Information shown |
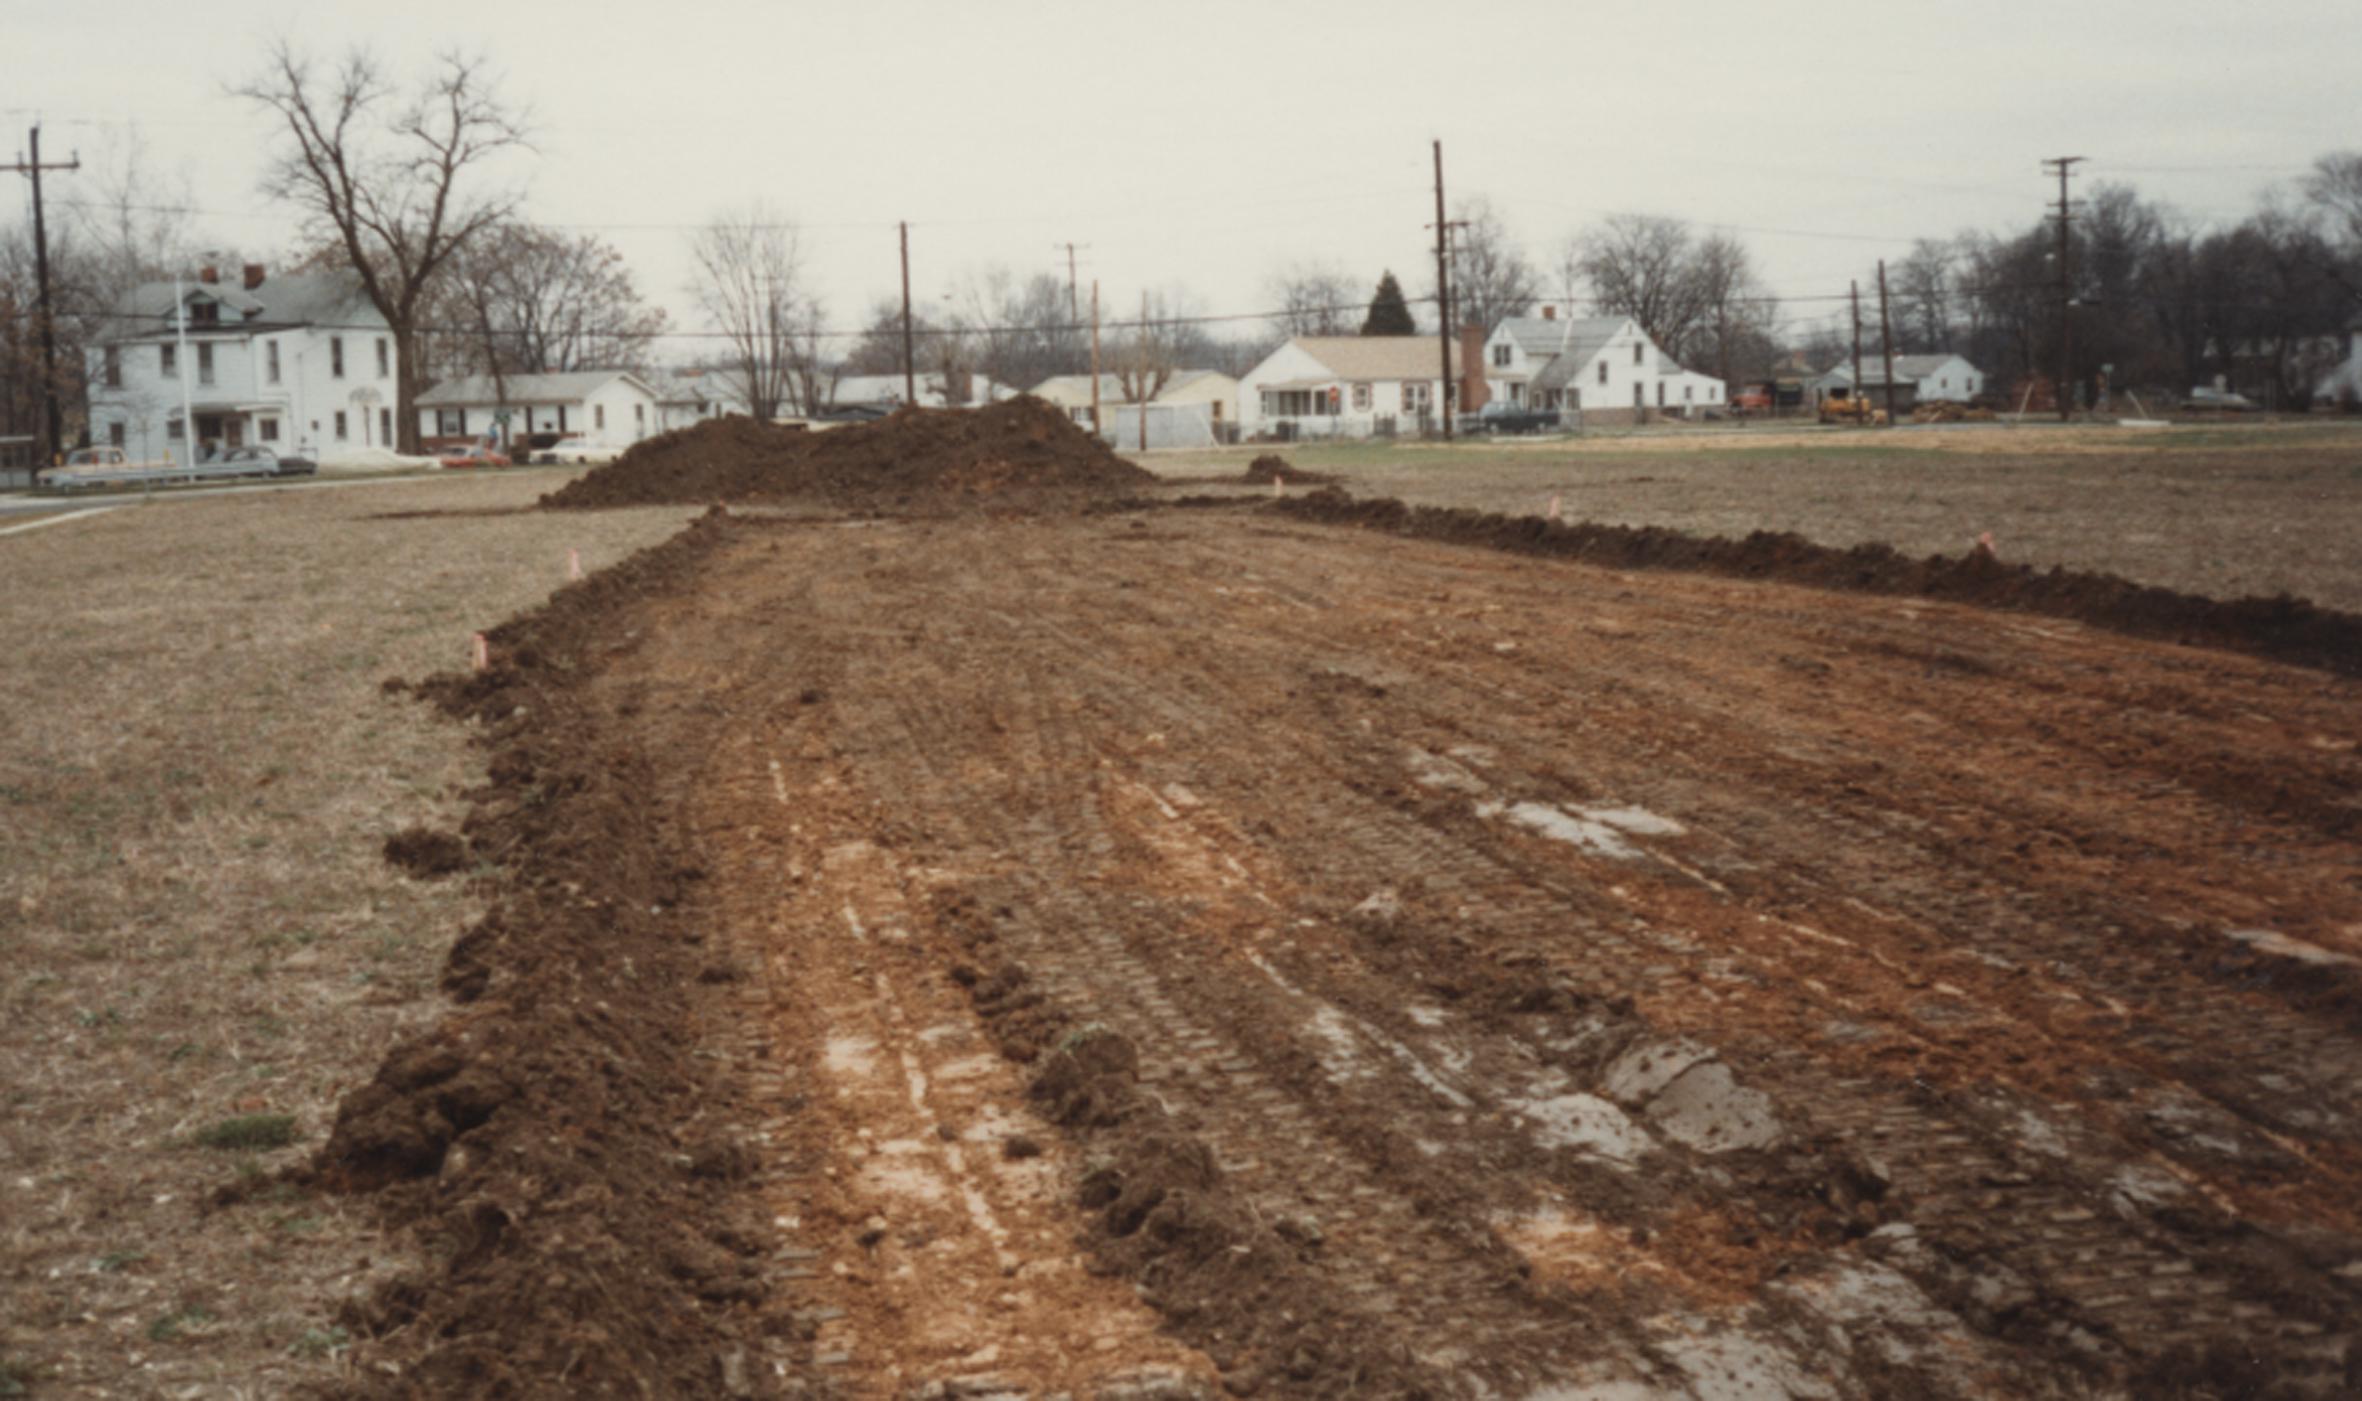 Land being prepared for building
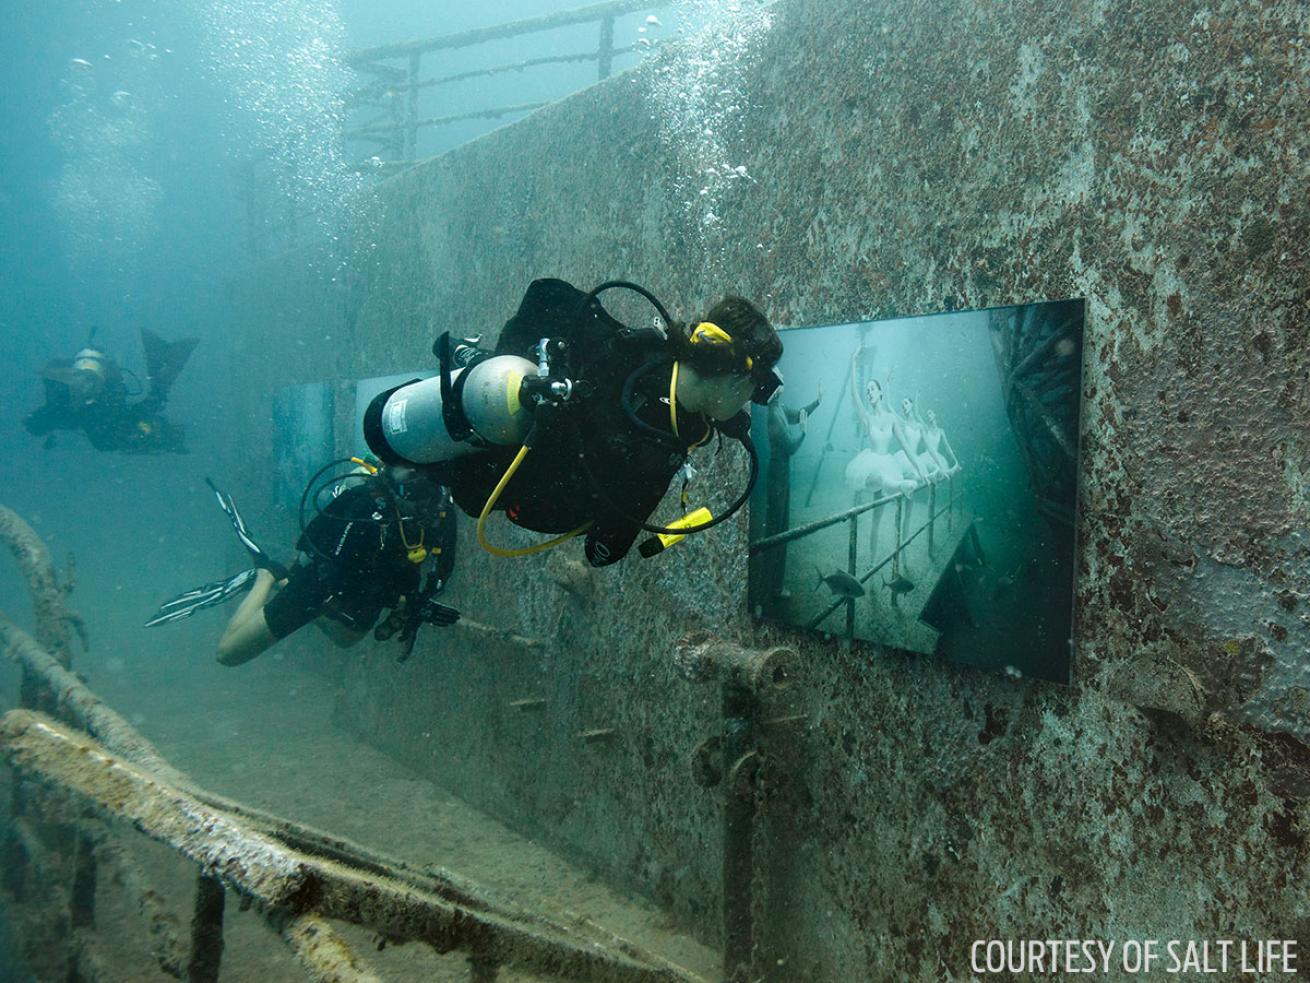 Underwater art exhibit to be attached to the USNS Vadengerg
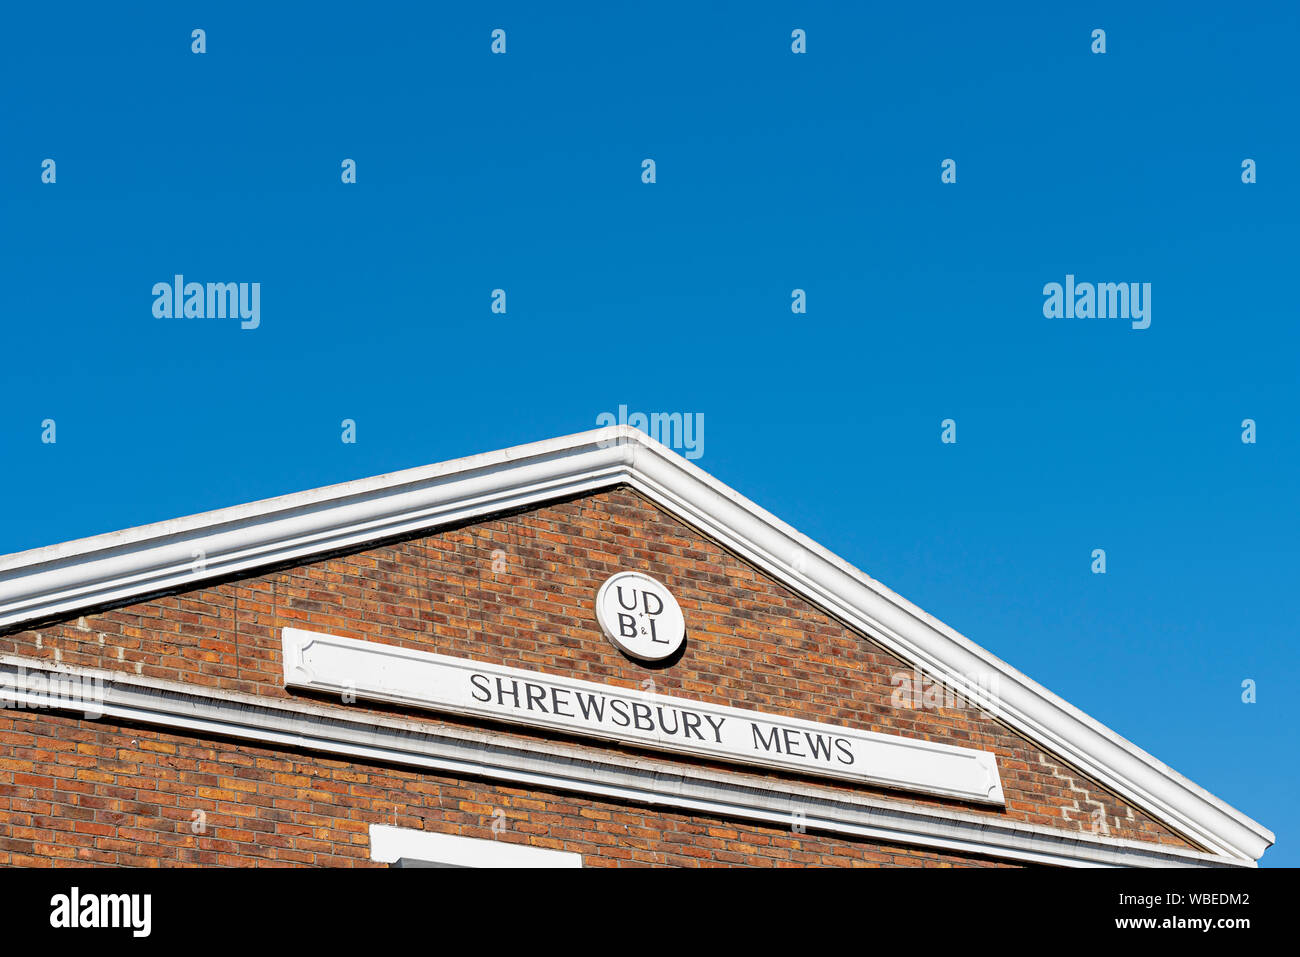 Shrewsbury Mews, Notting Hill, London W2. Property building decoration sign. UD B&L. Blue sky. Space for copy Stock Photo
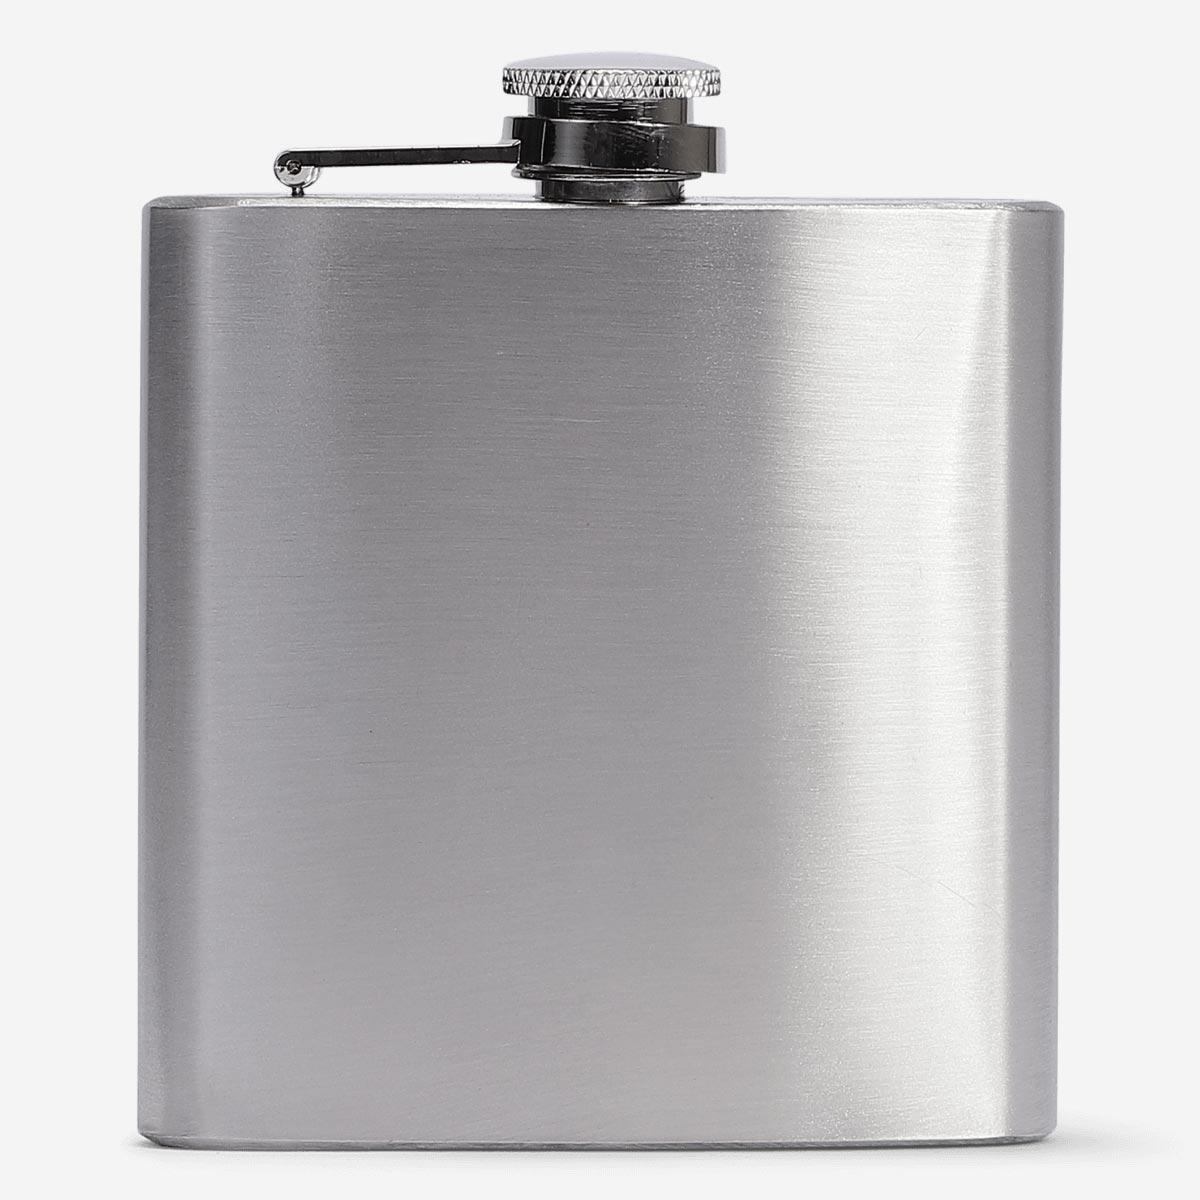 Silver stainless steel hip flask

Your instructions |
Output the listing above exactly, excluding all pictures.

Task solution |
 Land being prepared for building
 Underwater art exhibit to be attached to the USNS Vadengerg
 Shrewsbury Mews, Notting Hill, London W2. Property building decoration sign. UD B&L. Blue sky. Space for copy Stock Photo
 Silver stainless steel hip flask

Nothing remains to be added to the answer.